Alphabet also recorded a double-digit percent decline in net income, through the first nine months of the year, The Epoch Times reported Wednesday:

“Although third-quarter total revenues went up, from $65.1 to $69.1 billion, net income went down almost 27 percent, from $18.9 billion to $13.9 billion. Net income, year to date ended Sept. 30, declined by more than 16 percent. Analysts on average expected revenue to be $70.58 billion, based on Refinitiv data.”

“Google Services income, which includes ads, play store, and YouTube, registered a decline of more than 17 percent,” Epoch Times reported.

“Alphabet missed Wall Street's target for revenue growth in the third quarter as ad sales remained weak,” The New York Times reported Tuesday, noting that the company’s weak search ad sales for the quarter of $39.5 billion failed to hit the $41 billion level analysts expected.

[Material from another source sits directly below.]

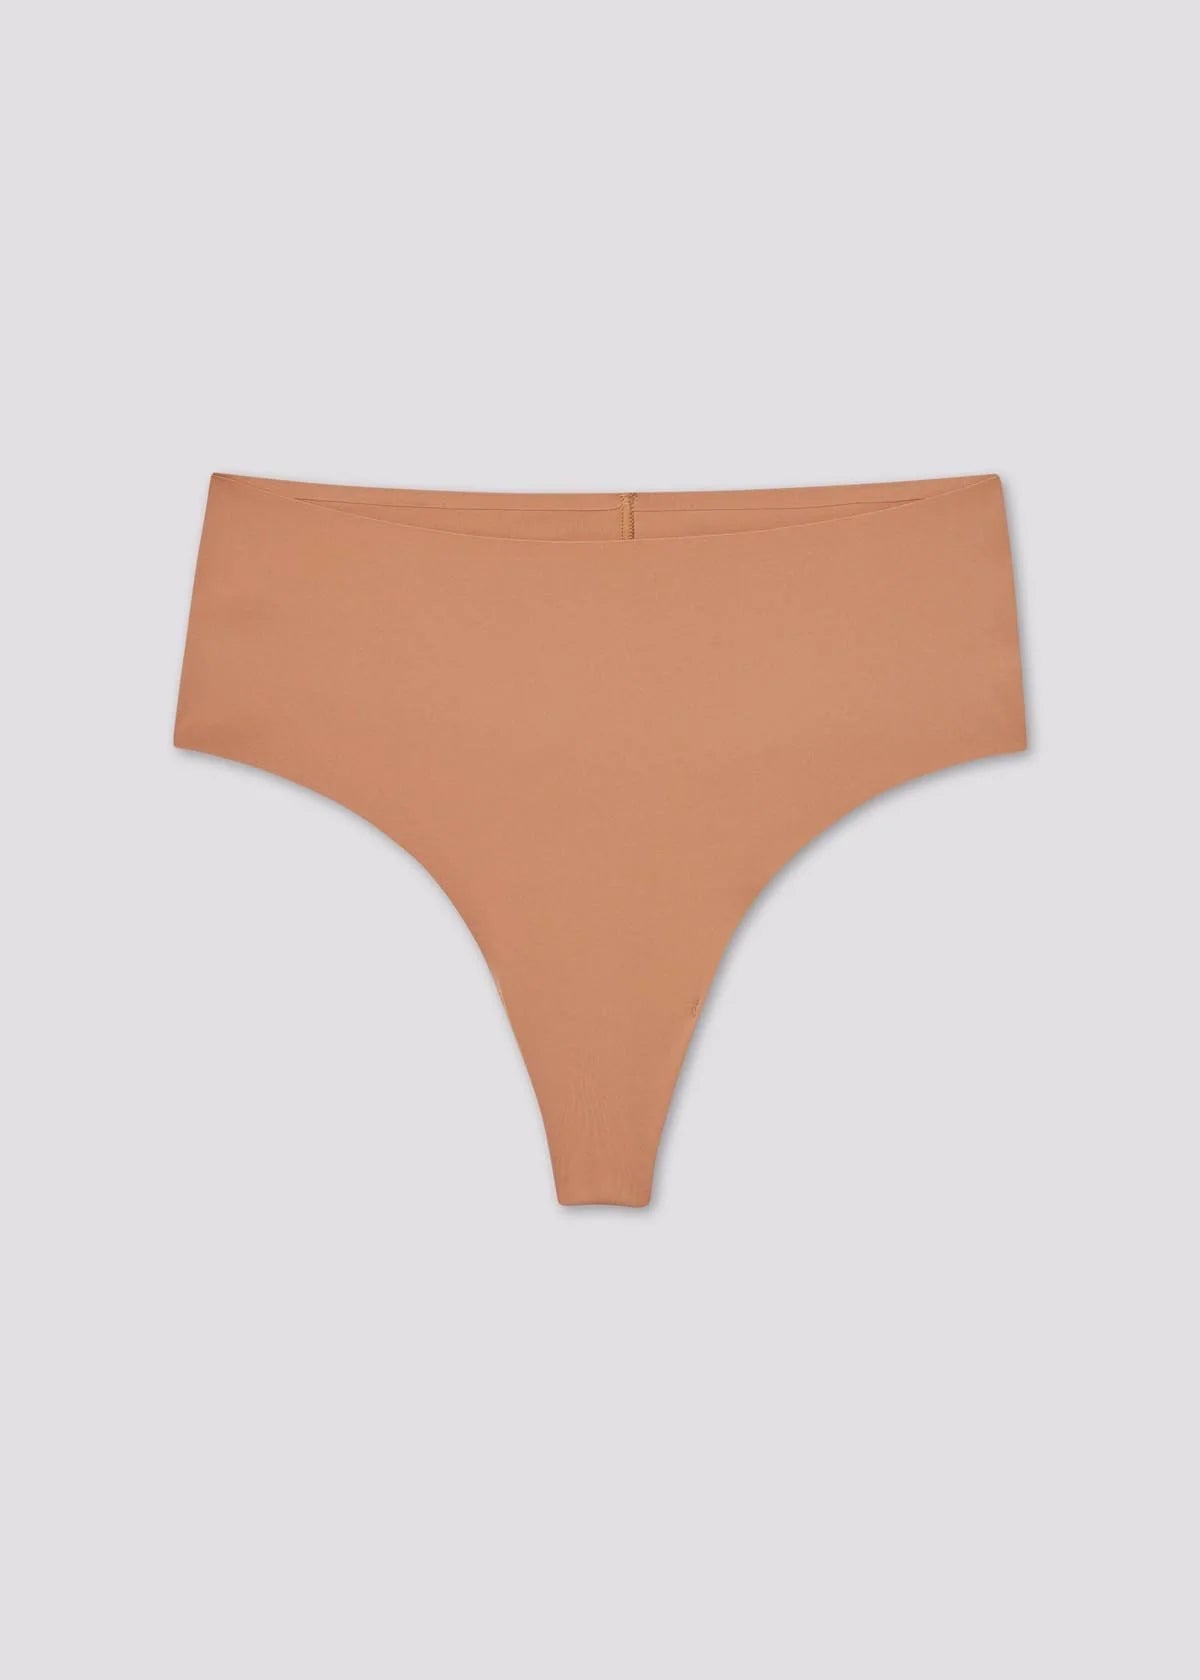 Girlfriend Collective High-Rise Thong in Toast

As a result, at least 21 analysts cut their stock price expectations for Alphabet, according to Reuters.

Weak advertising sales aren’t the only thing hurting Alphabet’s bottom line, as Channel News reports:

“Google is also facing billions in fines from various corners of the globe, charged with everything from unfair market dominance in the app store world, to major privacy issues regarding its Incognito Search mode.”

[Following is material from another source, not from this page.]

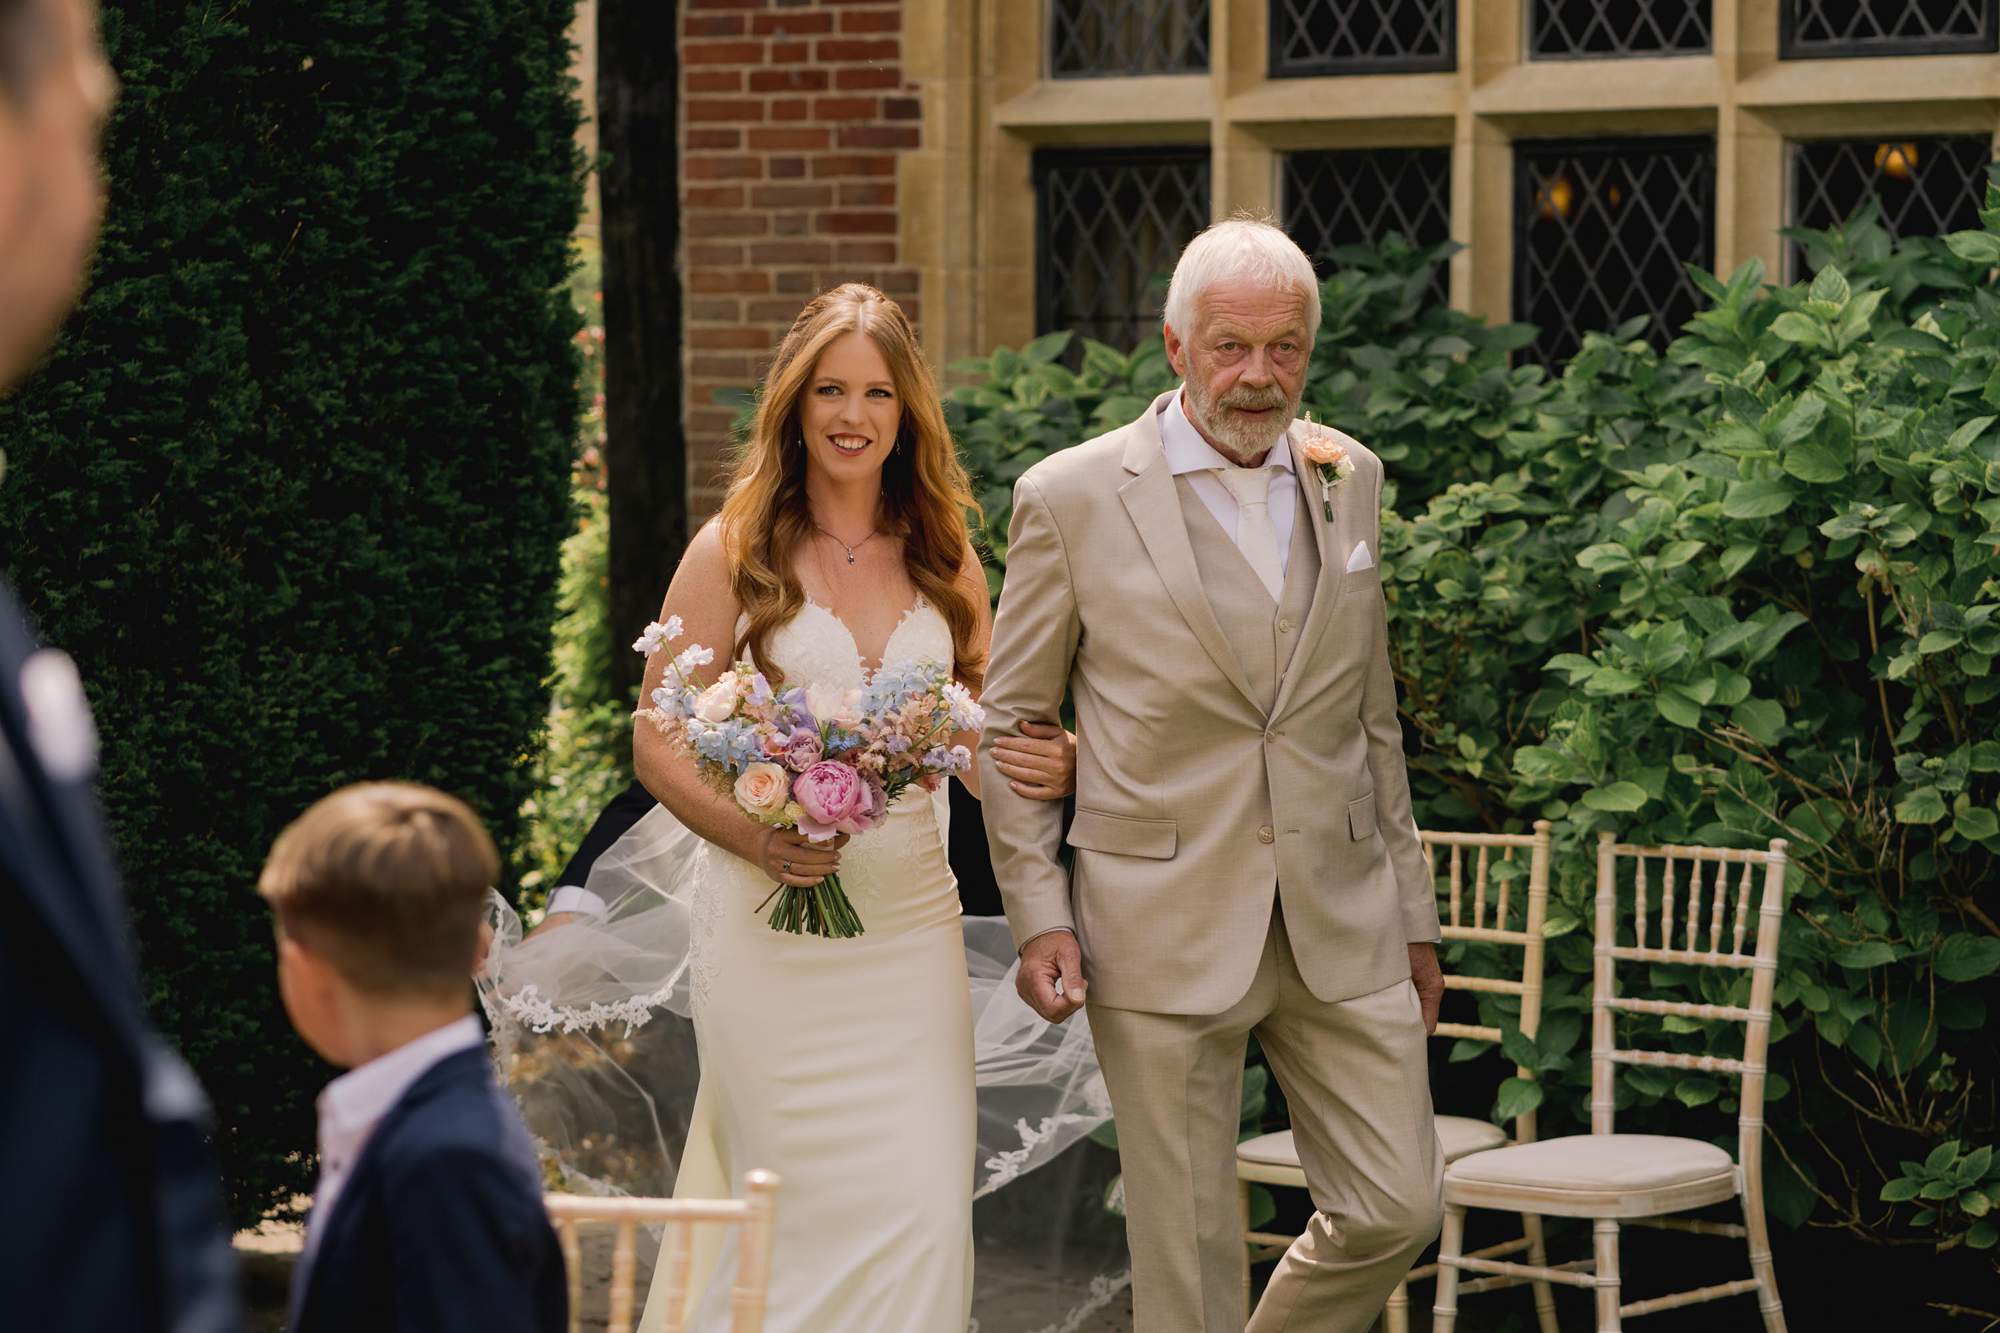 A bride walks down the aisle with her father during an outdoor ceremony at Amberley Castle in West Sussex.

What’s more, a new analysis by Media Research Center Free Speech America reveals that Google appears to be skewing its search engine results in favor of Democrats in order to affect the midterm elections in November.

“Anti-Democracy Google is manipulating search results to bury Senate Republican candidates’ campaign websites before the 2022 midterm elections,” the study, “Google CAUGHT Manipulating Search, Buries GOP Campaign Sites in 83% of Top Senate Races,” concludes.

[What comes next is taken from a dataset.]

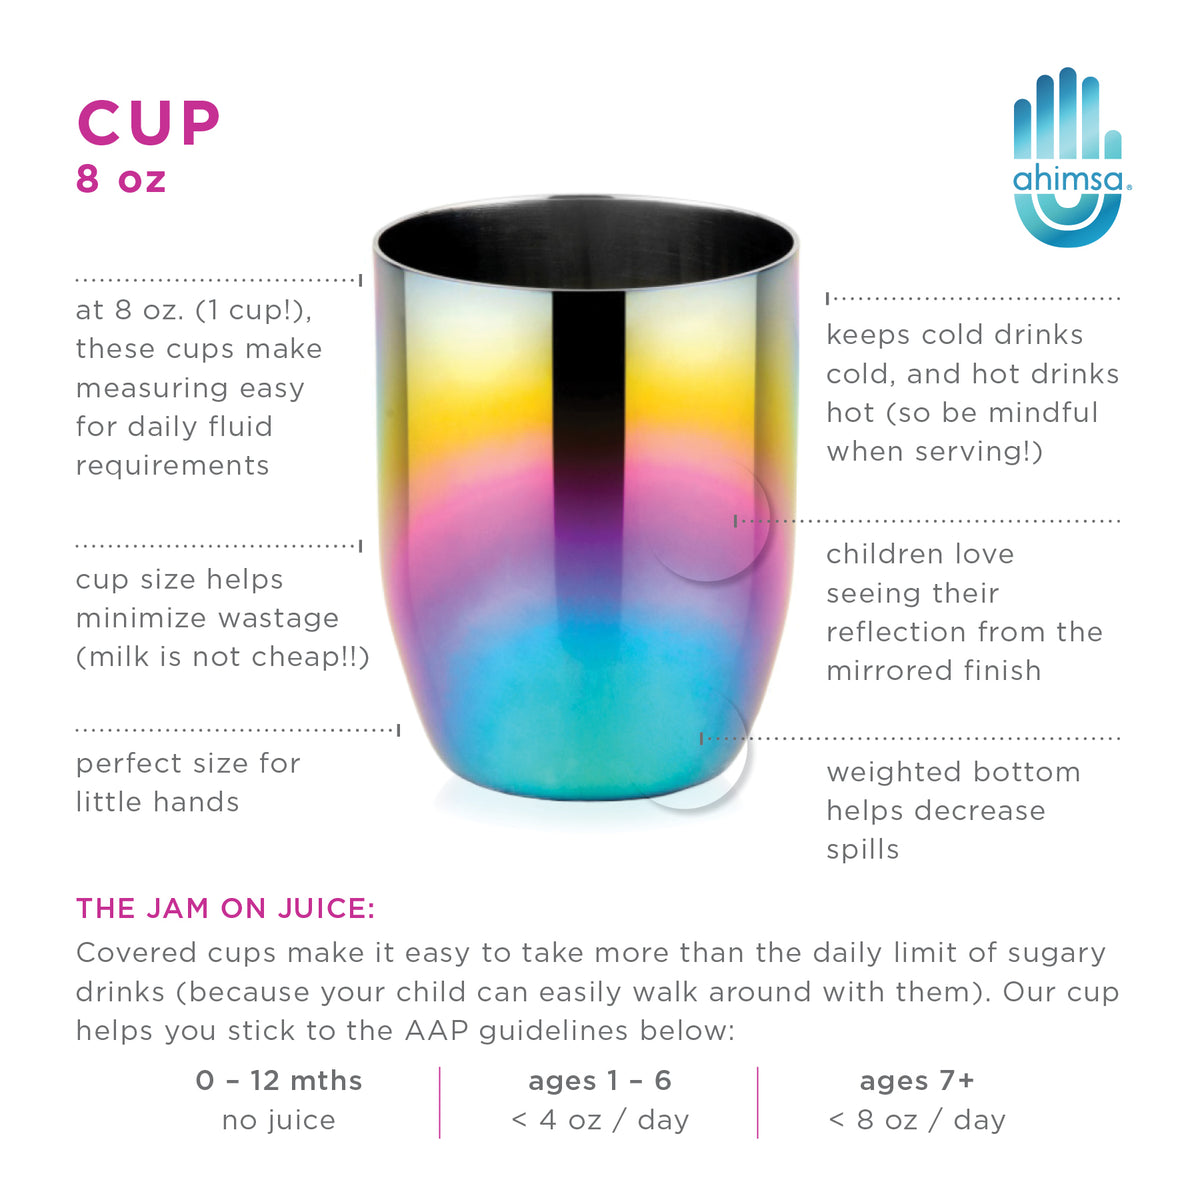 Perfect sized kids cup for small hands, reducing waste and mess

Findings from the analysis, released this week, include:

  • Google buried Senate Republican Party candidates’ campaign websites. Ten of 12 Senate Republican Party candidates’ campaign websites (83%) appeared far lower (or did not appear at all) on page one of Google’s organic search results compared to their Senate Democratic Party opponents’ campaign websites.
  • Google completely hid seven of 12 Senate Republican Party candidates’ campaign websites in page one organic search results. Seven of 12 Senate Republican Party candidates’ campaign websites did not appear on page one using Google’s organic search. Meanwhile, eight of 12 Senate Democratic Party candidate campaign websites were highlighted in the top six items in organic search results.
  • Google’s search result bias is undeniable when compared to Bing and DuckDuckGo. With the exception of two candidates, both Bing and DuckDuckGo showed both the Senate Democratic Party candidates’ campaign websites and the Senate Republican Party candidates’ campaign websites in the top five organic search results on page one. 

 

“Google must be investigated for its un-American efforts to sway the election,” Media Research Center President L. Brent Bozell said in a statement reacting to the findings:

“First, researchers caught Google red-handed by proving Republican campaign emails were sent to spam. Now we’ve uncovered Google manipulating search results to hide Republican campaign websites while promoting Democratic ones. This is all an effort by Google to help Democrats and interfere in the democratic process.”